In January 2019, the US Department of Justice hit Huawei with 23 indictments for alleged theft of trade secrets and fraud. The indictments consisted of an indictment for 10 counts of theft of trade secrets conspiracy, attempted theft of trade secrets, seven counts of wire fraud, and one count of obstruction of justice. In addition, the DOJ unsealed a 13-count indictment against Huawei, two of its affiliates, and Meng Wanzhou, its Chief Financial Officer (CFO), and daughter of the company’s founder, Ren Zhengfei. The defendants were charged with bank and wire fraud and conspiracy to commit both, violations of the International Emergency Economic Powers Act (IEEPA), and conspiracy to violate that Act, as well as conspiracy to commit money laundering. Furthermore, Huawei and Huawei USA were charged with conspiracy to obstruct justice, while Ms. Meng (who took her mother’s surname) was charged with bank fraud, wire fraud, and conspiracies to commit bank and wire fraud. Huawei also got hit in January 2019 by an FBI sting operation at the Consumer Electronics Show (CES), and an FBI raid on a Huawei lab in connection with its investigation of the company’s suspected theft of US intellectual property.

On May 15, 2019, President Trump issued an Executive Order (EO) declaring a national emergency in the face of the “unusual and extraordinary threat” posed by foreign adversaries to the use of “information and communications technology or services” in the US. The EO did not name China or any other country, or Huawei, and left it to the Secretary of Commerce to identify the foreign adversaries. A day later, the Department of Commerce did just that, and added Huawei and 68 of its non-U.S. affiliates in 26 countries to the Entity List of companies, organizations, or individuals which pose significant threats to the national security or foreign policy interests of the United States.

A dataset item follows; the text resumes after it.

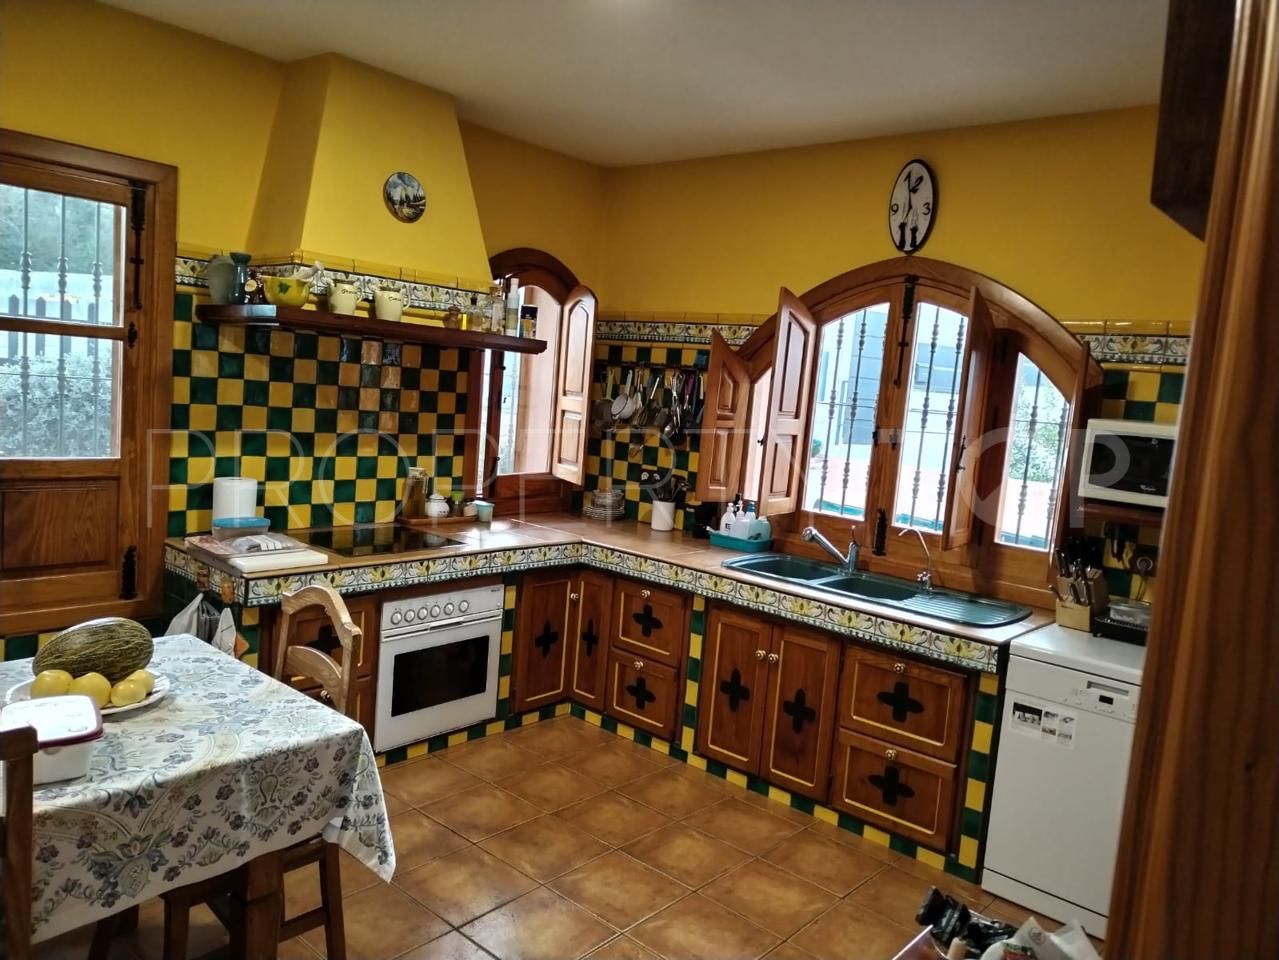 Comprar casa de campo en Malaga con 4 dormitorios

Google’s parent company, Alphabet, dealt a strong blow to Huawei on May 19, 2019, when it cut off Huawei from future updates of Google’s propriety apps (e.g. Google Play Store, Gmail, and YouTube) and Android operating system, which ran 87 percent of all mobile phones in the world in 2019. Other companies, including three of the world’s leading chip makers, Intel, Qualcomm, and Broadcom announced they were cutting off their relationships with Huawei. The next day, Huawei got a 90-day reprieve from the restrictions imposed by its placement on the Entity List, and Google was able to resume working with it.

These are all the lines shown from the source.